Recorded information:
[Start of section]
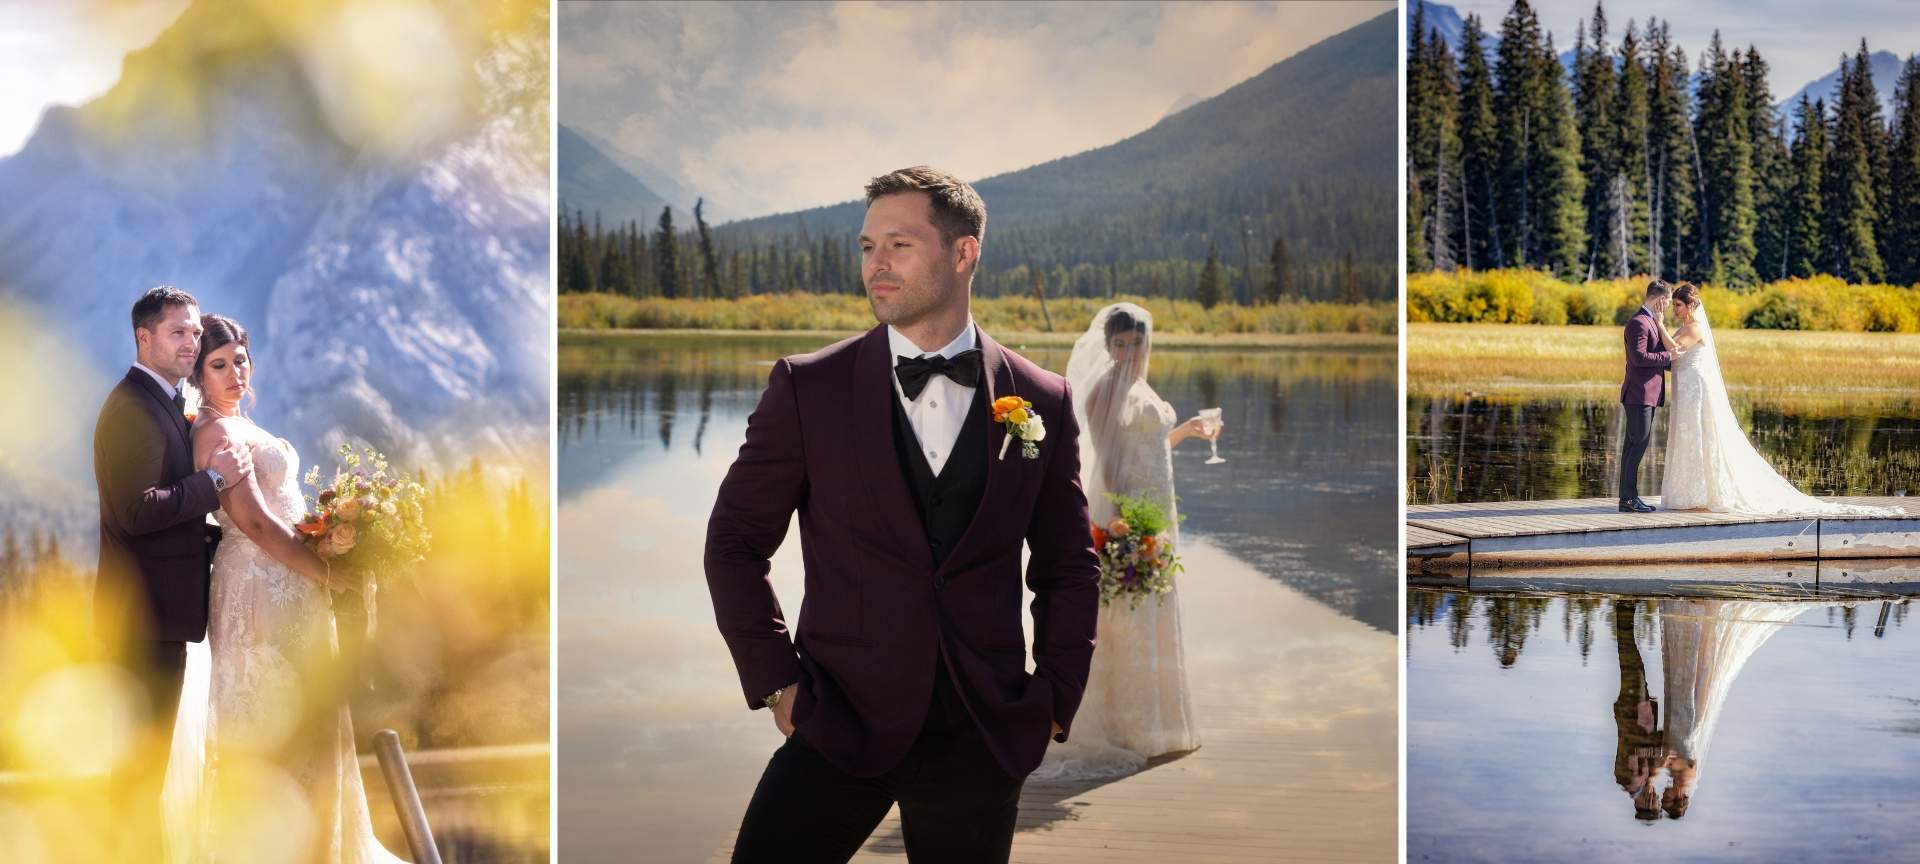 elope to the rocky mountains in canda - banff national park elopement
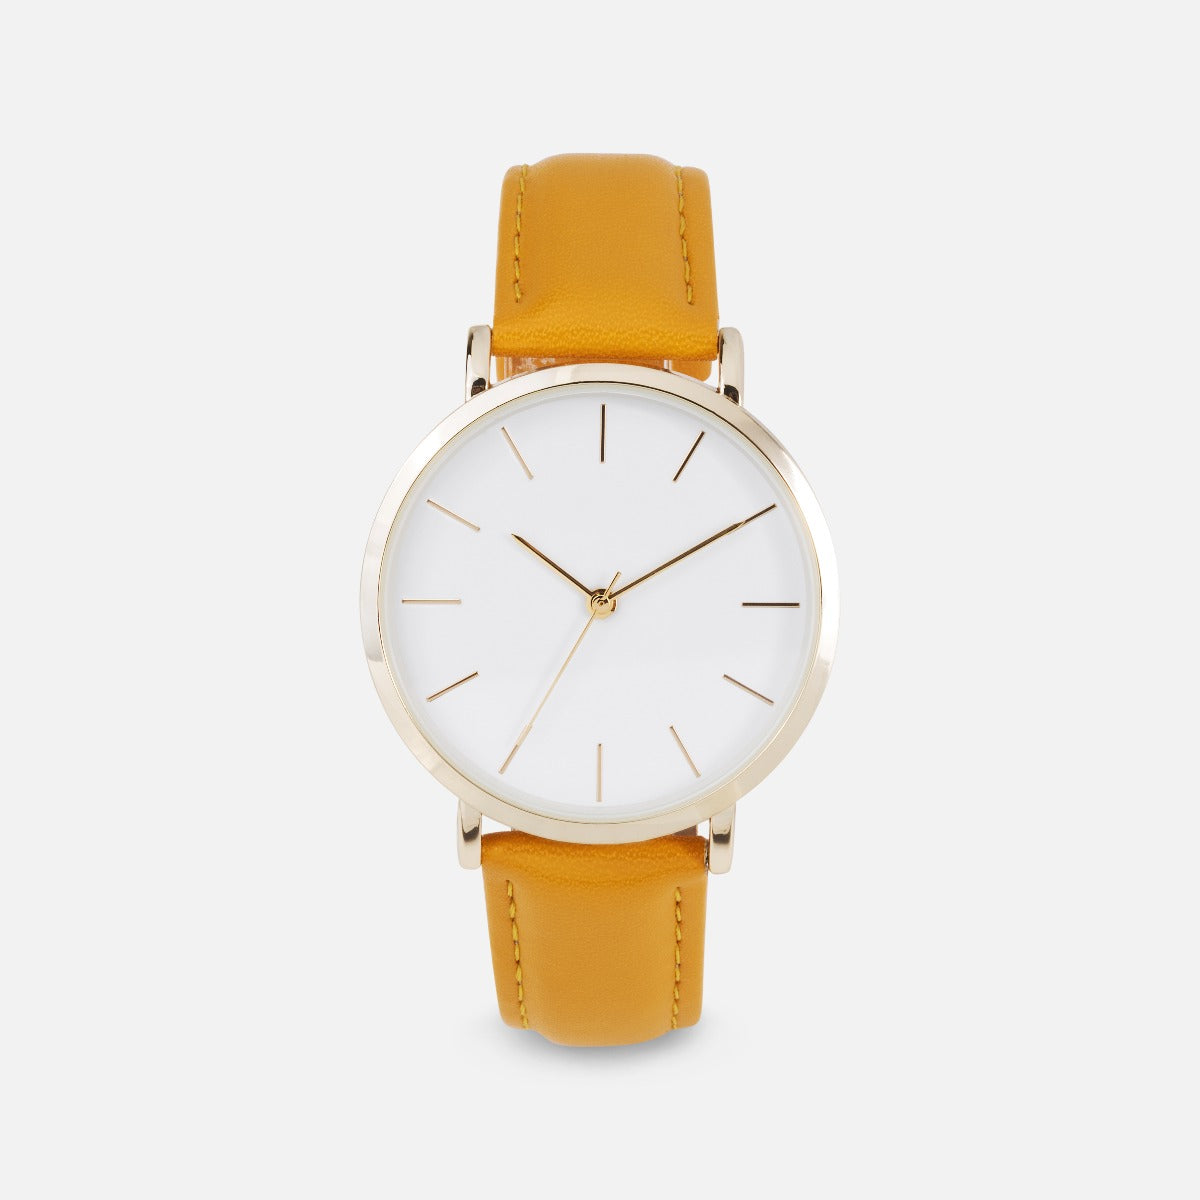 Classik collection - round dial watch with yellow bracelet
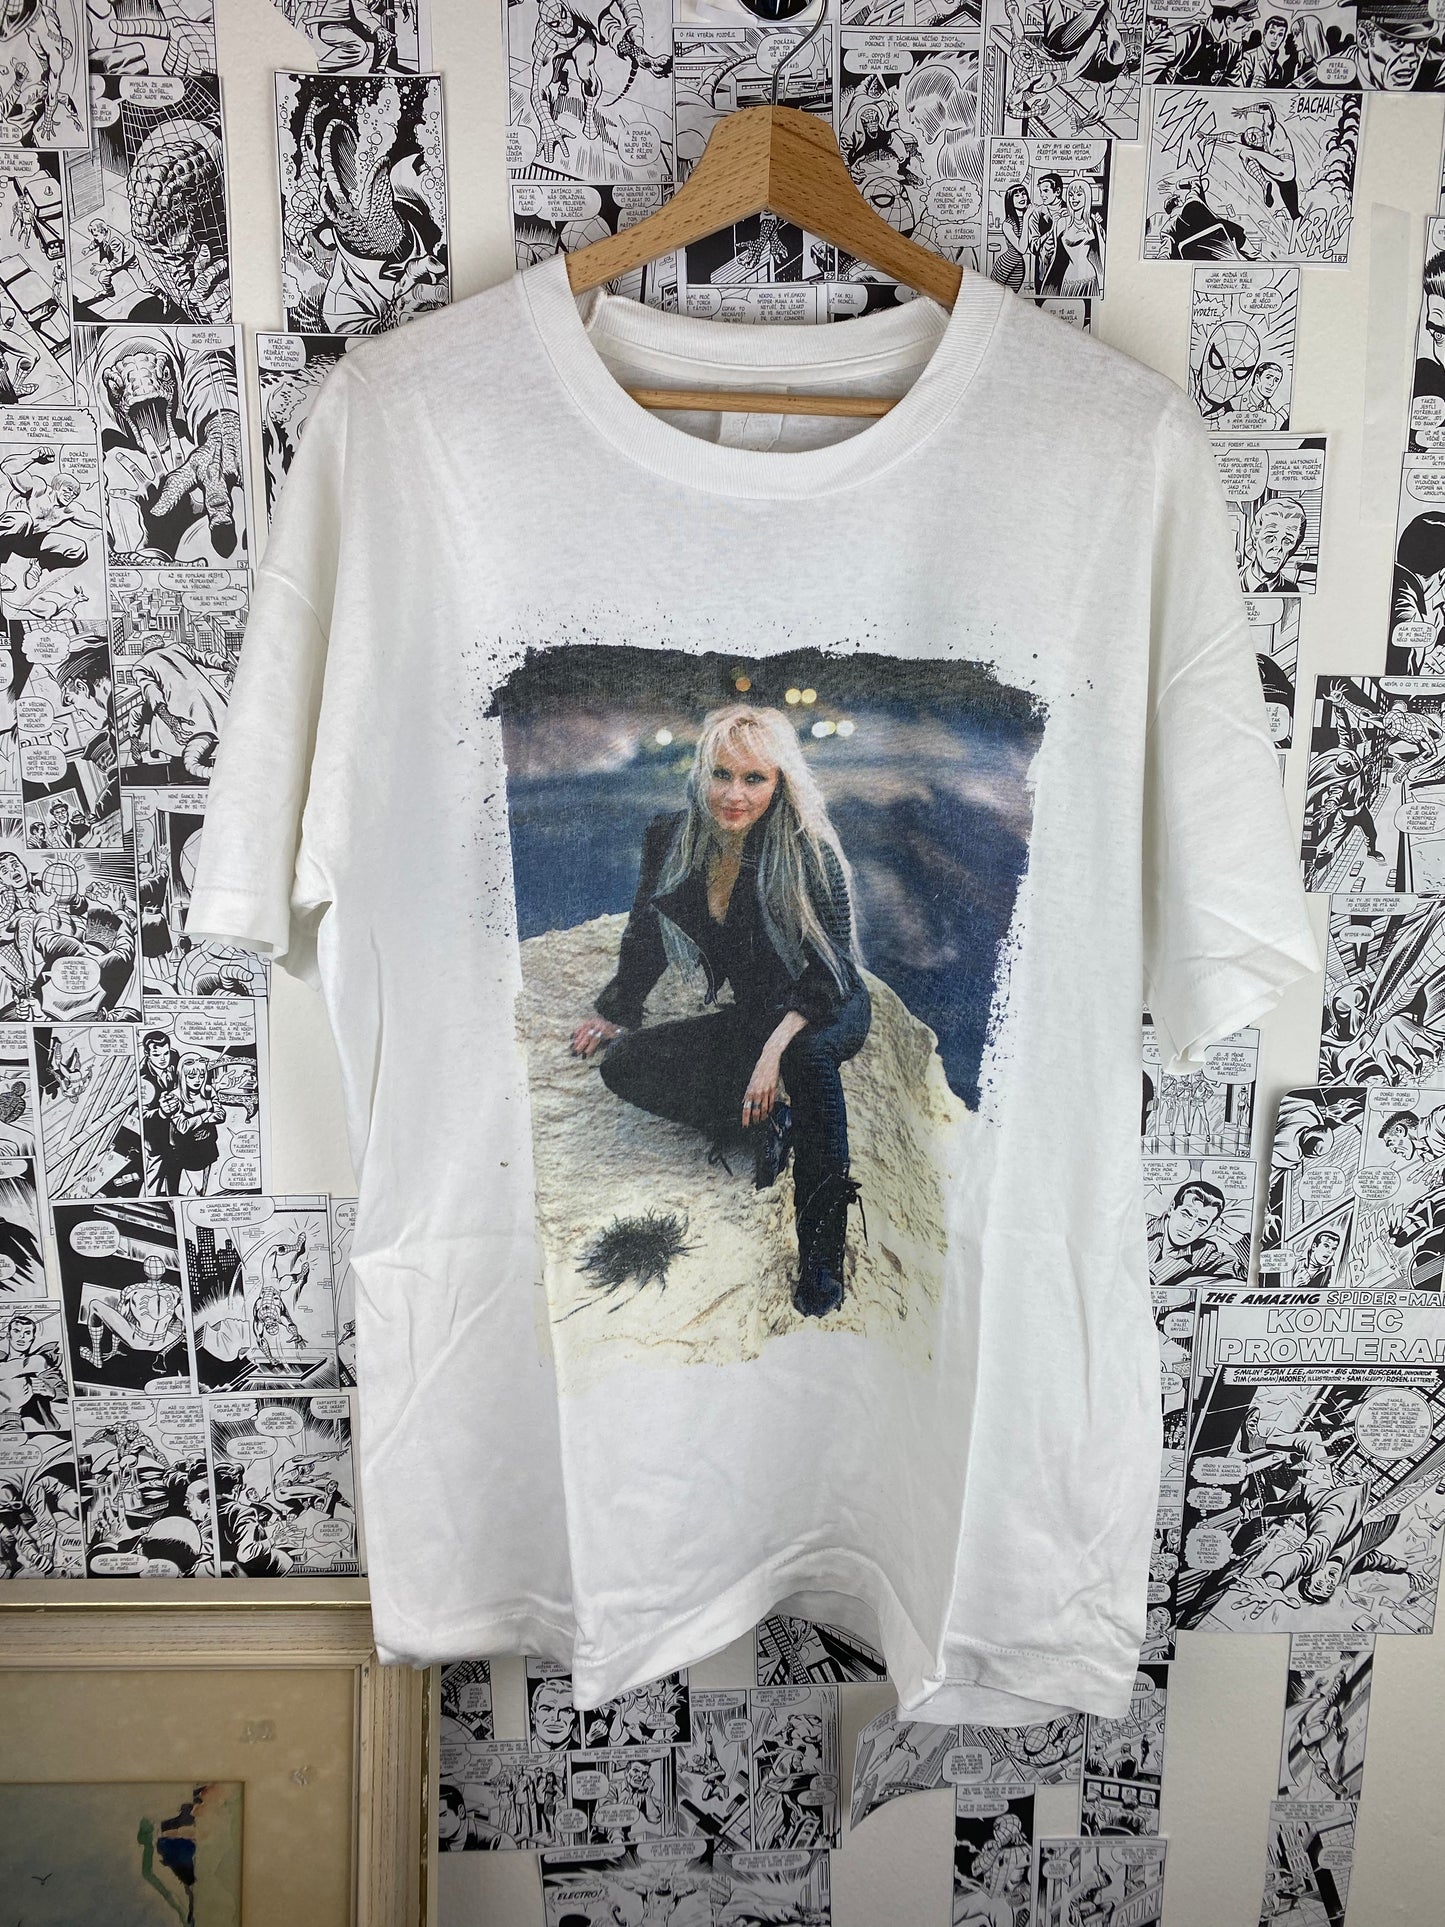 Vintage Doro “Love is the thrill” 1995 t-shirt - size XL
[End of section]
What the task requires: Pictures stay out; everything else in the listing above gets restated word for word.

Completed exercise:
 elope to the rocky mountains in canda - banff national park elopement
 Classik collection - round dial watch with yellow bracelet
 Vintage Doro “Love is the thrill” 1995 t-shirt - size XL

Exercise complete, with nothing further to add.